**Prompt**
Copy the data that follows, character for character, minus the pictures.

**Available records**

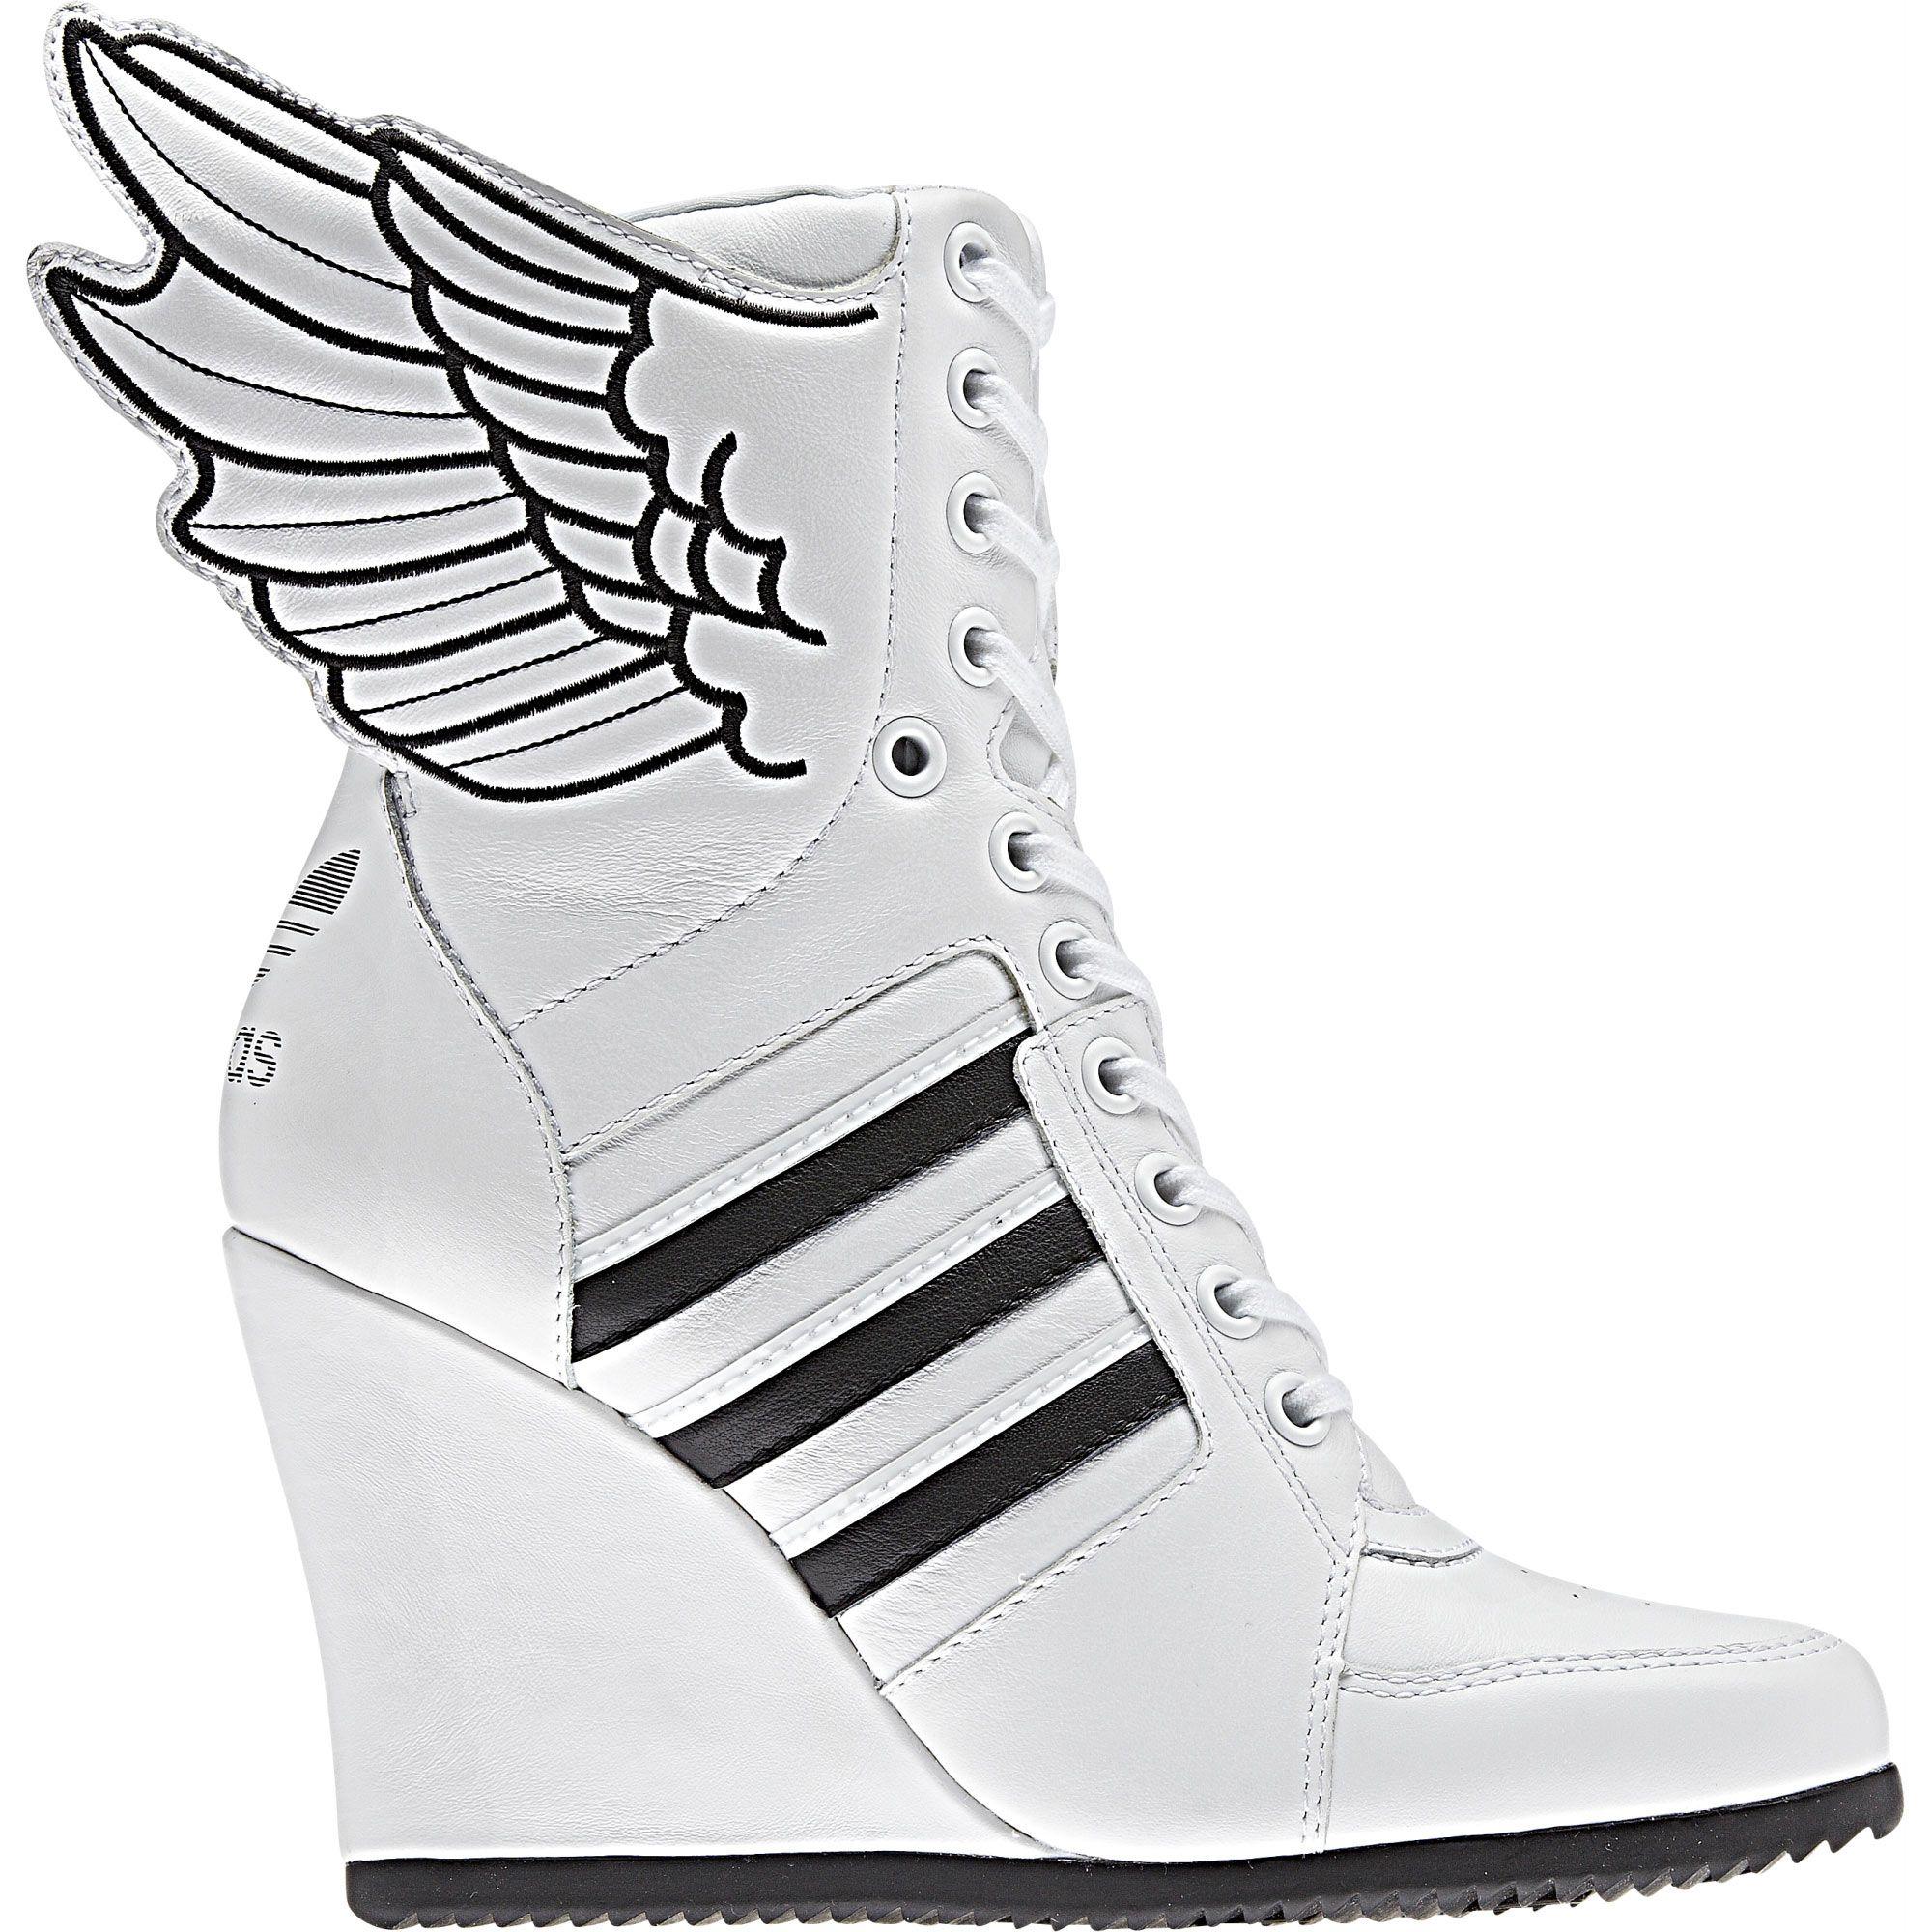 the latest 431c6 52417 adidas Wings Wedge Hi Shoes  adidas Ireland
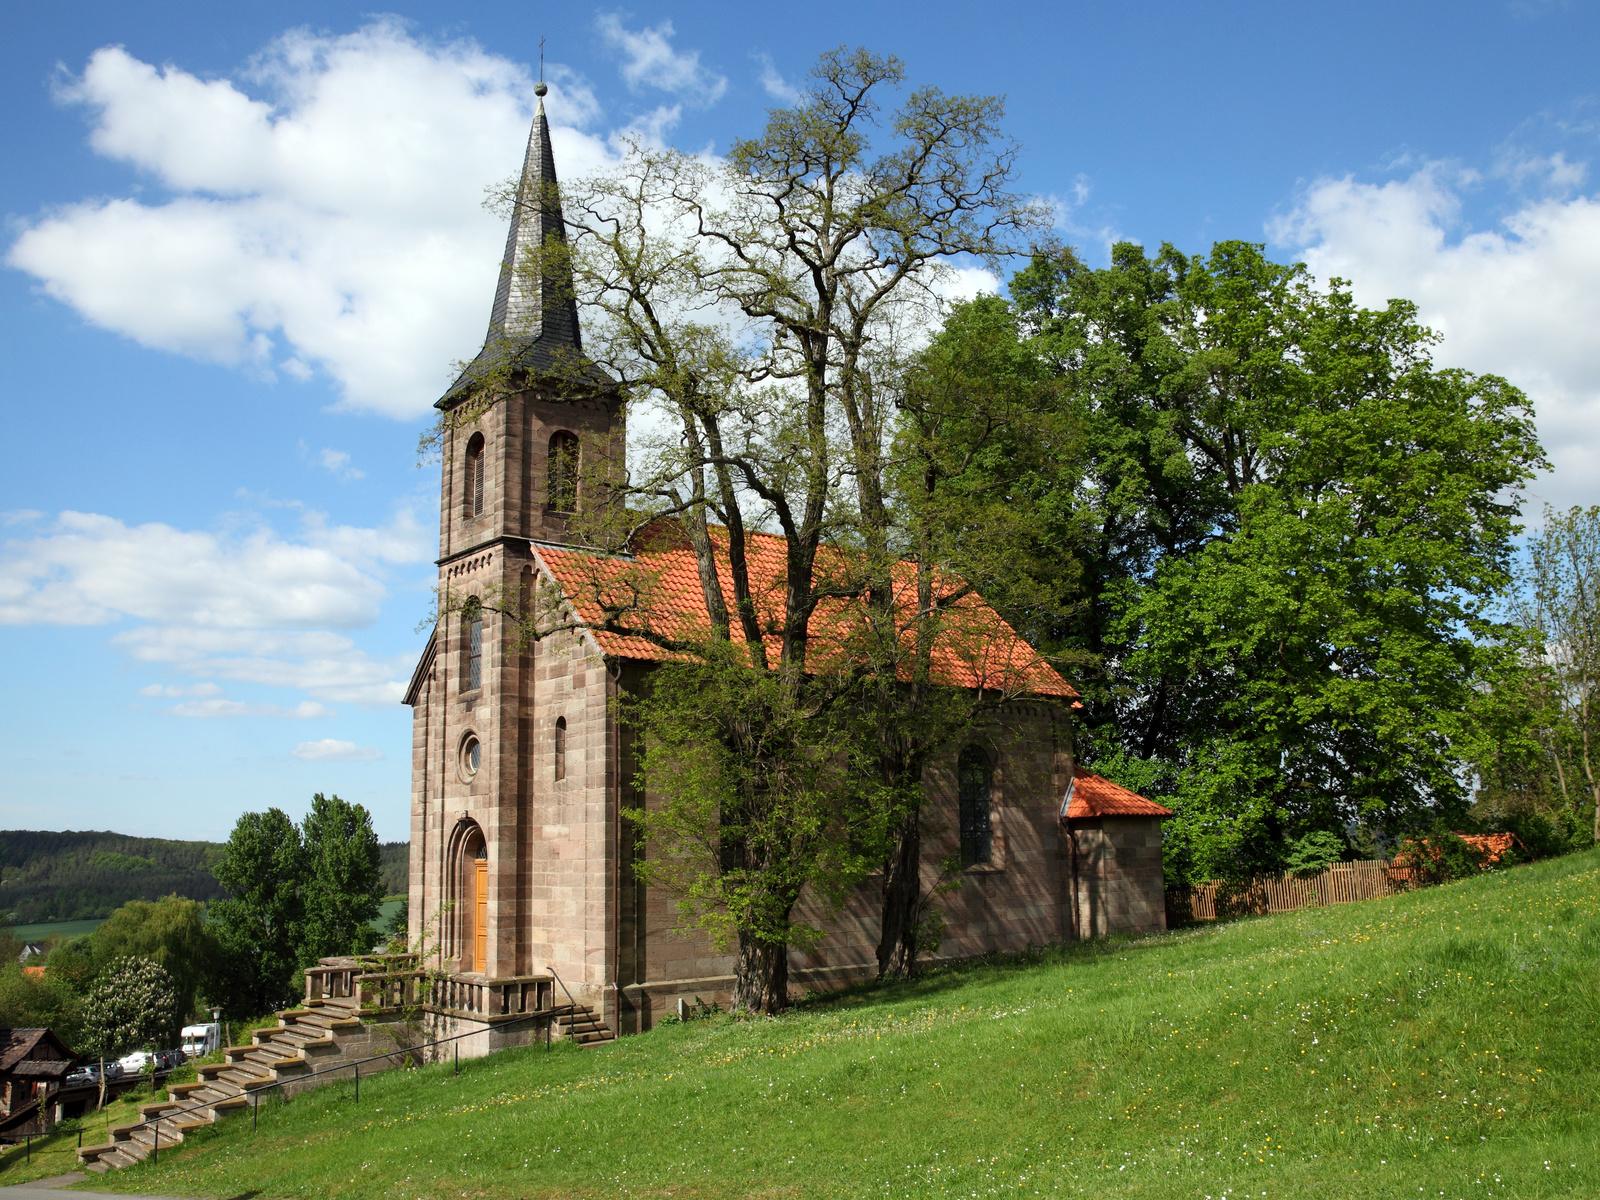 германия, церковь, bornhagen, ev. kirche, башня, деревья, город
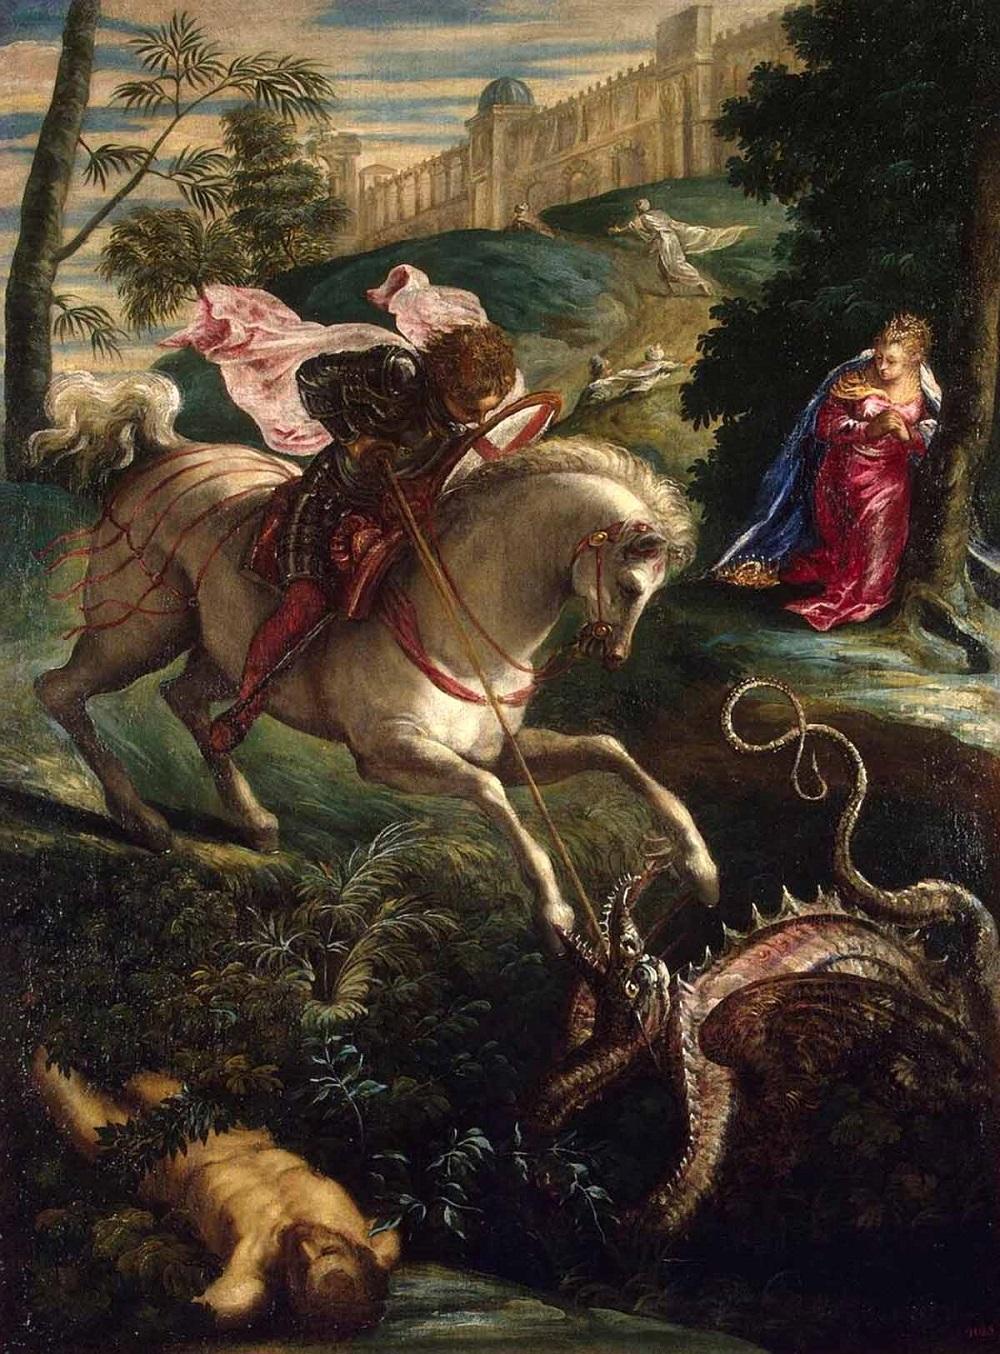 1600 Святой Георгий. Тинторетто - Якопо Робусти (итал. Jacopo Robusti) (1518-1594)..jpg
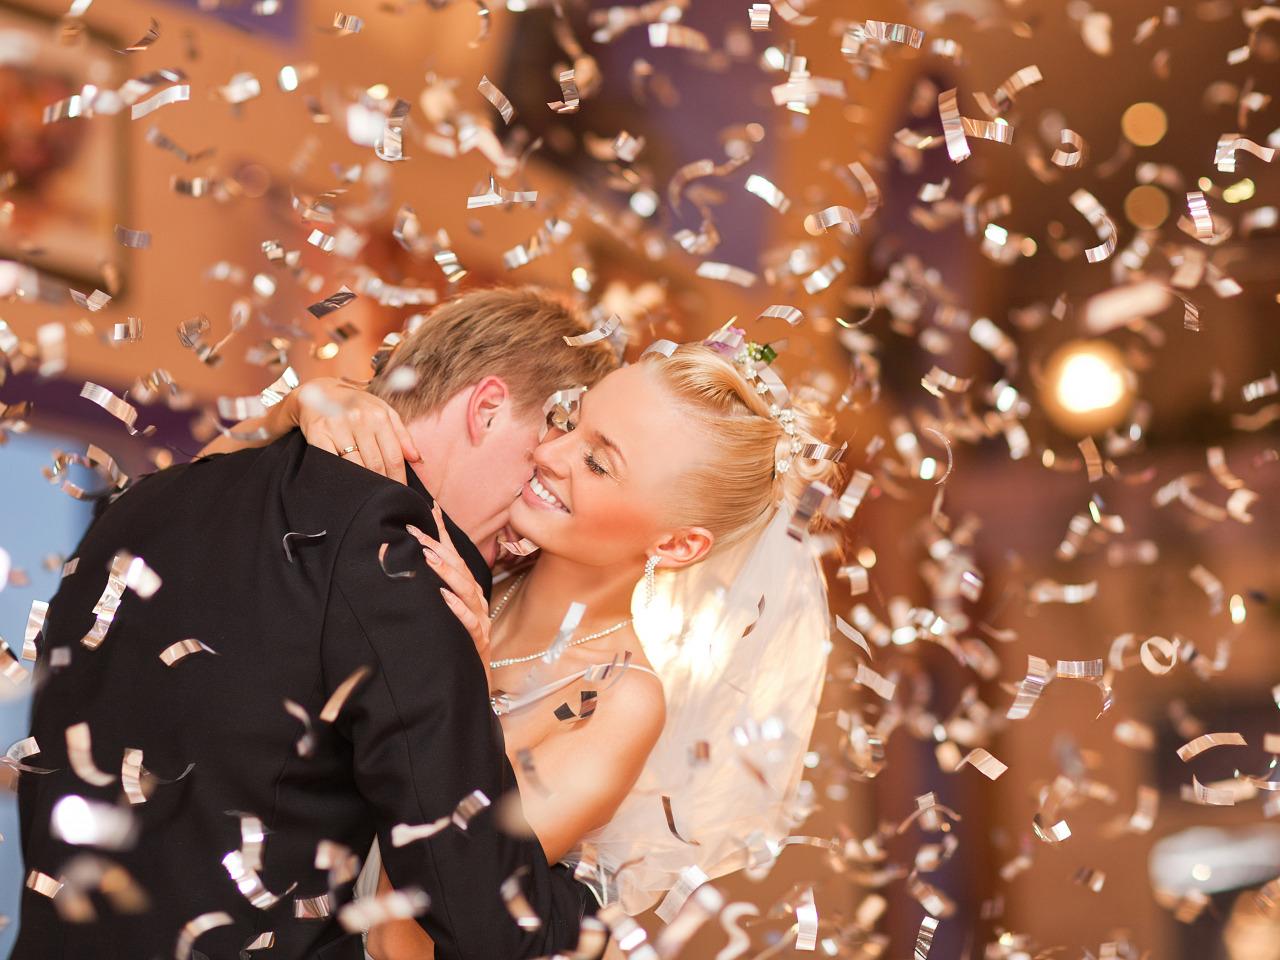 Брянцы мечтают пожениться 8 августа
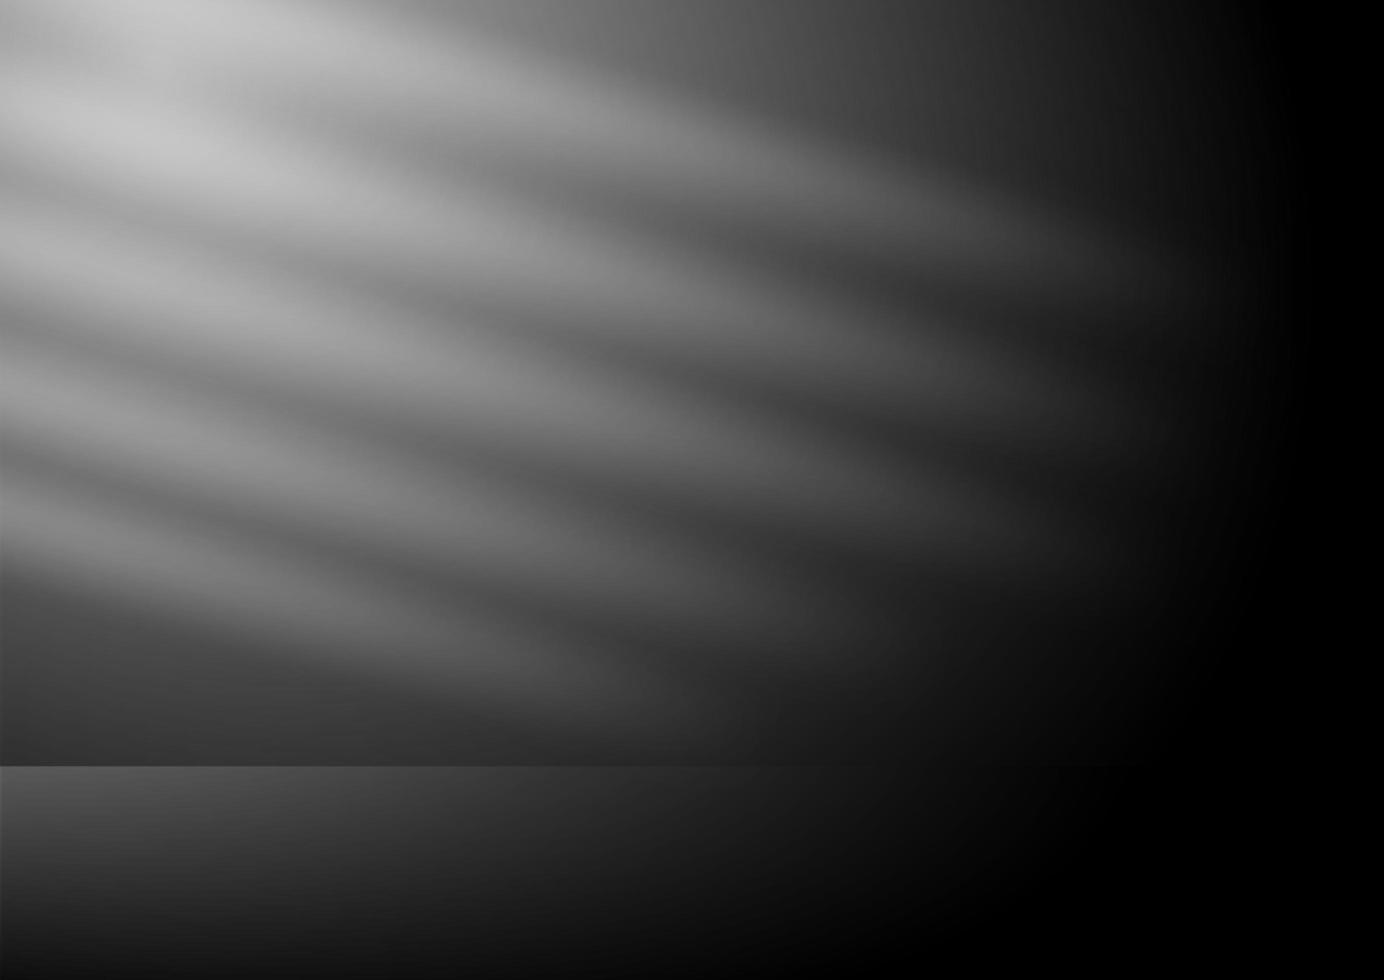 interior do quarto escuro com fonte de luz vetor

**Answer for this exercise**
 the latest 431c6 52417 adidas Wings Wedge Hi Shoes  adidas Ireland
 германия, церковь, bornhagen, ev. kirche, башня, деревья, город
 1600 Святой Георгий. Тинторетто - Якопо Робусти (итал. Jacopo Robusti) (1518-1594)..jpg
 Брянцы мечтают пожениться 8 августа
 interior do quarto escuro com fonte de luz vetor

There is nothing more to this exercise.